Hereditary kidney disease

-Polycystic kidney disease: The aforementioned polycystic kidney disease is a common hereditary kidney disease, which is divided into autosomal dominant polycystic kidney disease (ADPKD) and autosomal recessive polycystic kidney disease (ARPKD). ADPKD is relatively common, and its inheritance is autosomal dominant, which means that as long as one parent has the disease, the children have a 50% chance of inheriting the pathogenic gene and becoming ill. Patients usually begin to show symptoms in young and middle-aged children. Multiple cysts of varying sizes will gradually appear in both kidneys. As the cysts continue to grow, they will compress the kidney tissue, causing gradual damage to renal function. They may also be accompanied by symptoms such as hypertension and hematuria. At the same time, extrarenal manifestations such as liver cysts may also occur. ARPKD is relatively rare and is an autosomal recessive inheritance. It often occurs in infancy and early childhood. The condition is often severe and is often accompanied by severe kidney and liver lesions.

- Hereditary nephritis: also known as Alport syndrome, is also a hereditary kidney disease, mainly inherited in an X-linked dominant manner, with a few cases being autosomal recessive or autosomal dominant. The disease is mainly manifested by hematuria and progressive renal dysfunction, and may also be accompanied by sensorineural hearing loss and eye abnormalities. It usually develops in childhood or adolescence, and male patients are generally more seriously ill than female patients.

- Congenital nephrotic syndrome: This is a group of nephrotic syndromes that appear after birth or within 3 months of birth, most of which have a genetic basis. According to the cause, it can be divided into Finnish congenital nephrotic syndrome and non-Finnish congenital nephrotic syndrome. The former is autosomal recessive and is caused by mutations in the NPHS1 gene; the latter has a more complex cause and may be related to mutations in multiple genes. Children often show typical symptoms of nephrotic syndrome such as massive proteinuria, hypoproteinemia, edema, etc. The disease often progresses rapidly and the prognosis is poor.

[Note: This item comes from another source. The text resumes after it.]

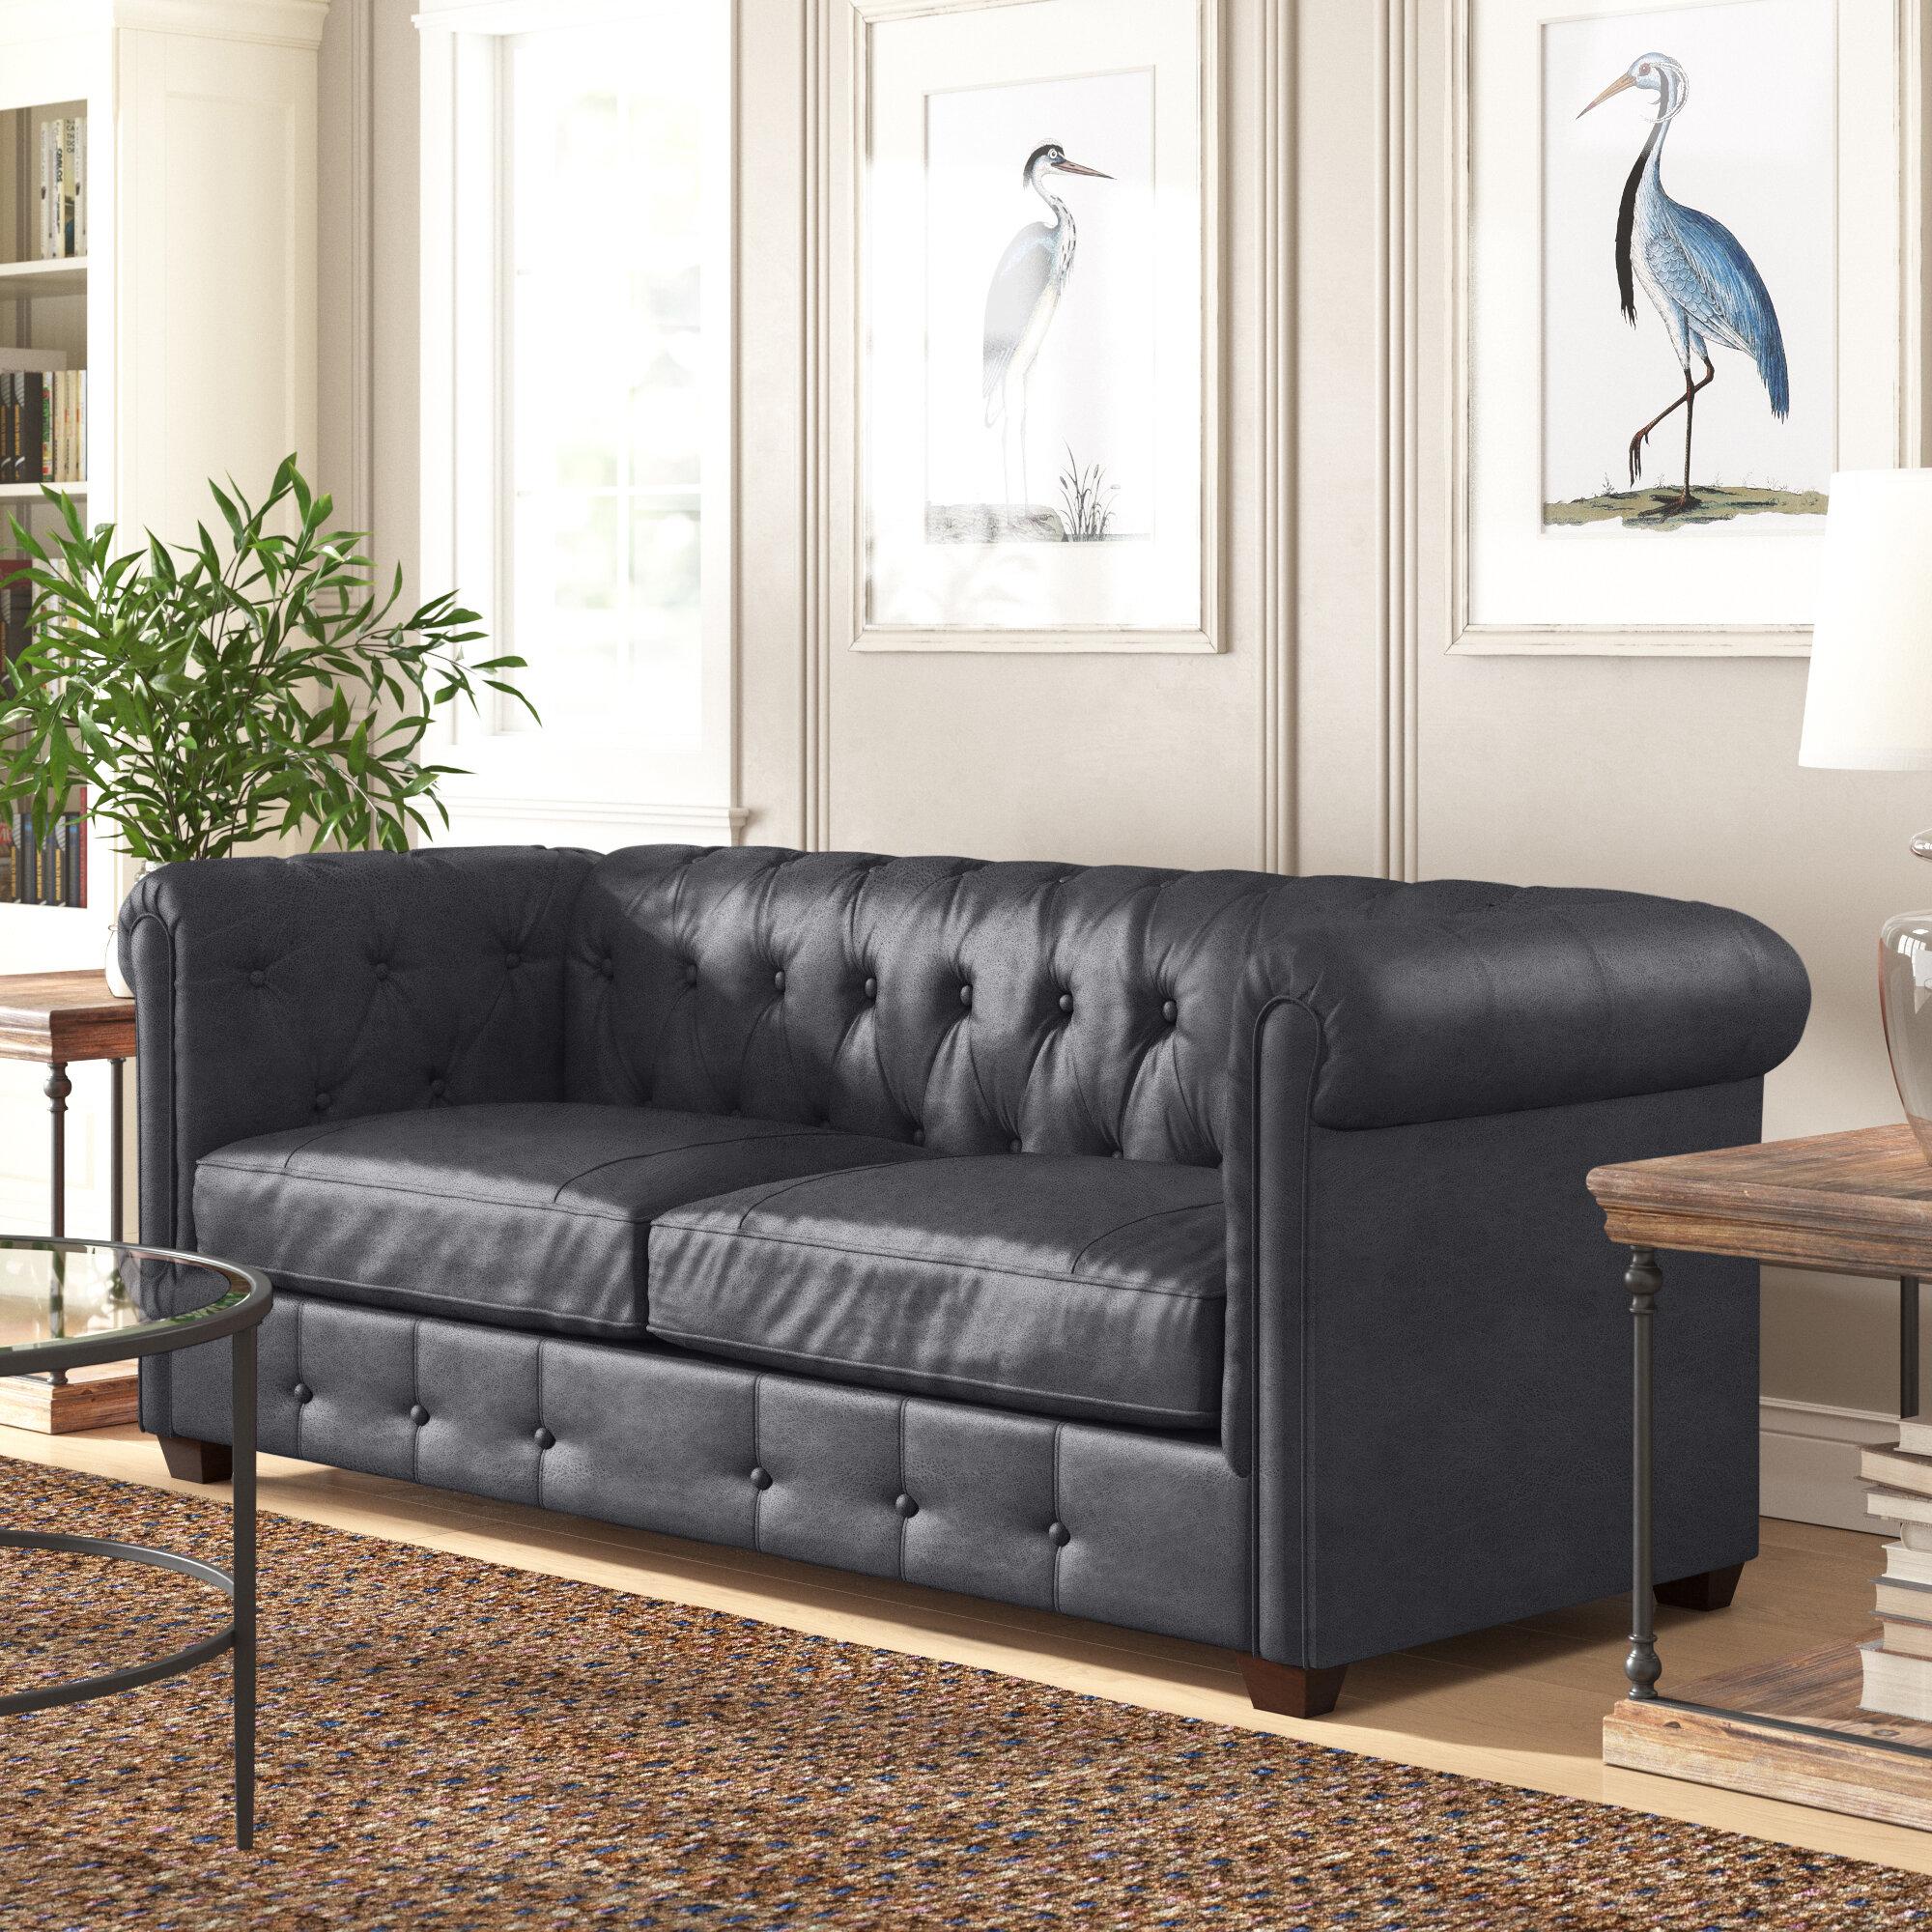 Birch Lane Hawthorn Genuine Leather Chesterfield 88 Rolled Arm Sofa Reviews Wayfair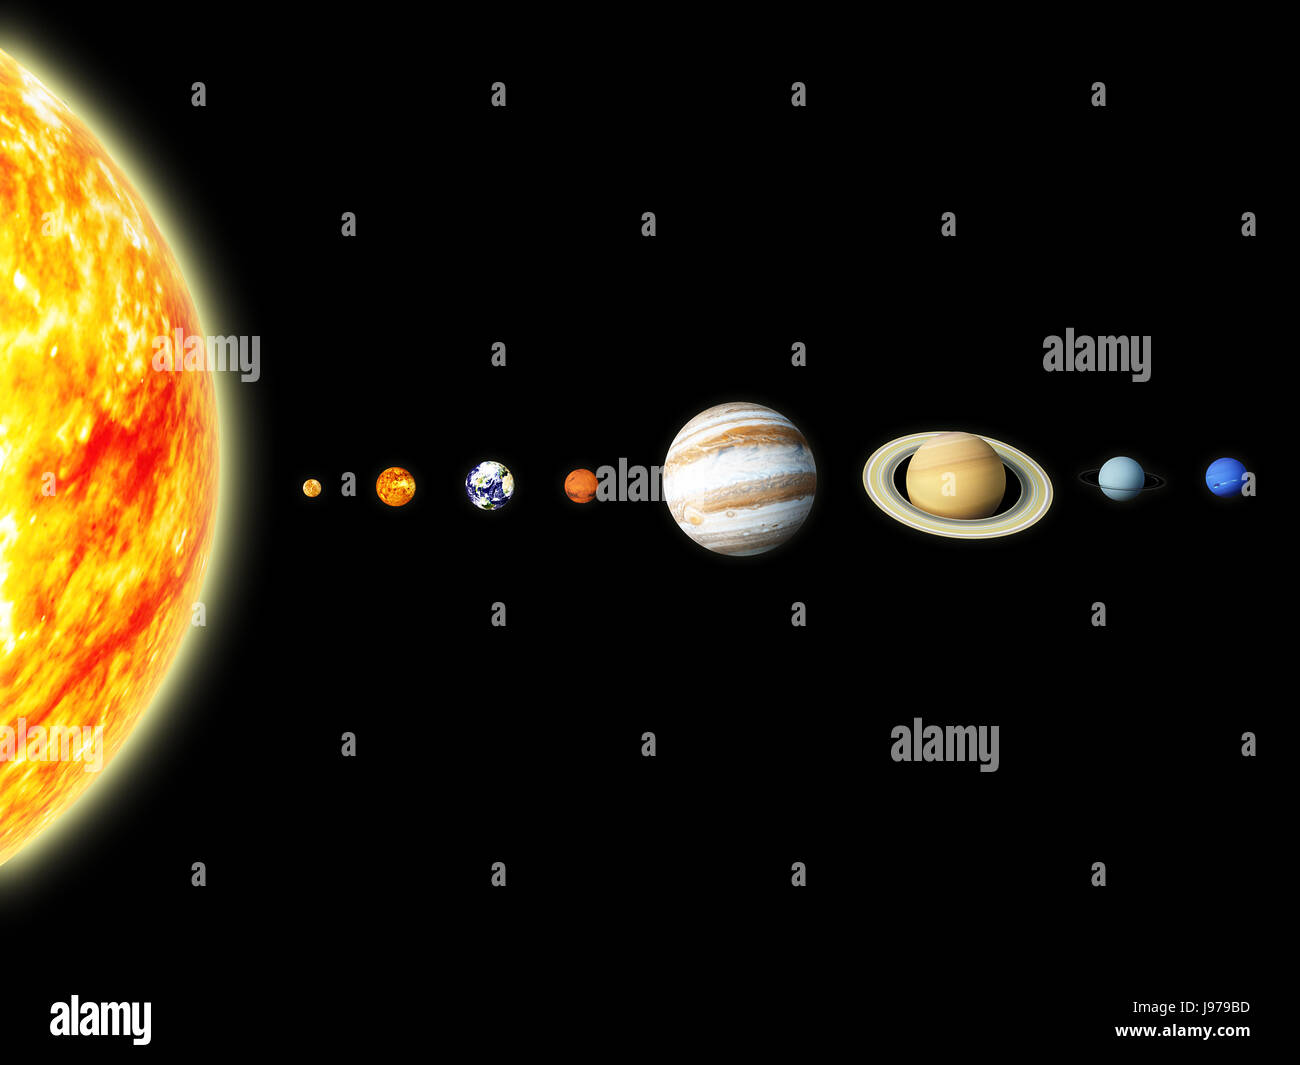 Education Science Solar System Astronomy Planetary

Non-hereditary kidney disease

- Acute glomerulonephritis: usually caused by immune response after infection with streptococcus, etc., and has little to do with genetic factors. There is often a history of upper respiratory tract infection or skin infection 1-3 weeks before the onset of the disease. The onset is acute, and the main symptoms are hematuria, proteinuria, edema and hypertension. Most patients can recover after rest and symptomatic treatment, and it is generally not inherited by the next generation.

- Chronic glomerulonephritis: The causes are diverse. It can be caused by a variety of primary glomerular diseases that have not been cured. It may also be related to infection, autoimmunity, environmental factors, etc. Although some patients may have genetic susceptibility, it is not caused by a single genetic factor and is not a hereditary disease. The disease is prolonged and gradually progresses, which can lead to renal damage, but it will not be directly inherited by children.

- Diabetic nephropathy: It is one of the most common microvascular complications of diabetes, mainly caused by long-term high blood sugar causing damage to renal blood vessels and glomeruli. Diabetes itself has a certain genetic tendency, but diabetic nephropathy is a kidney disease caused by the combined action of multiple factors on the basis of diabetes, and is not a simple genetic disease.

Understanding the genetic characteristics of kidney disease is of great significance for the prevention, early diagnosis and treatment of the disease. If there is a hereditary kidney disease patient in the family, other family members should undergo relevant examinations regularly for early detection and intervention. As for non-hereditary kidney disease, maintaining a healthy lifestyle, such as a proper diet, moderate exercise, and control of blood sugar and blood pressure, can help prevent its occurrence and development.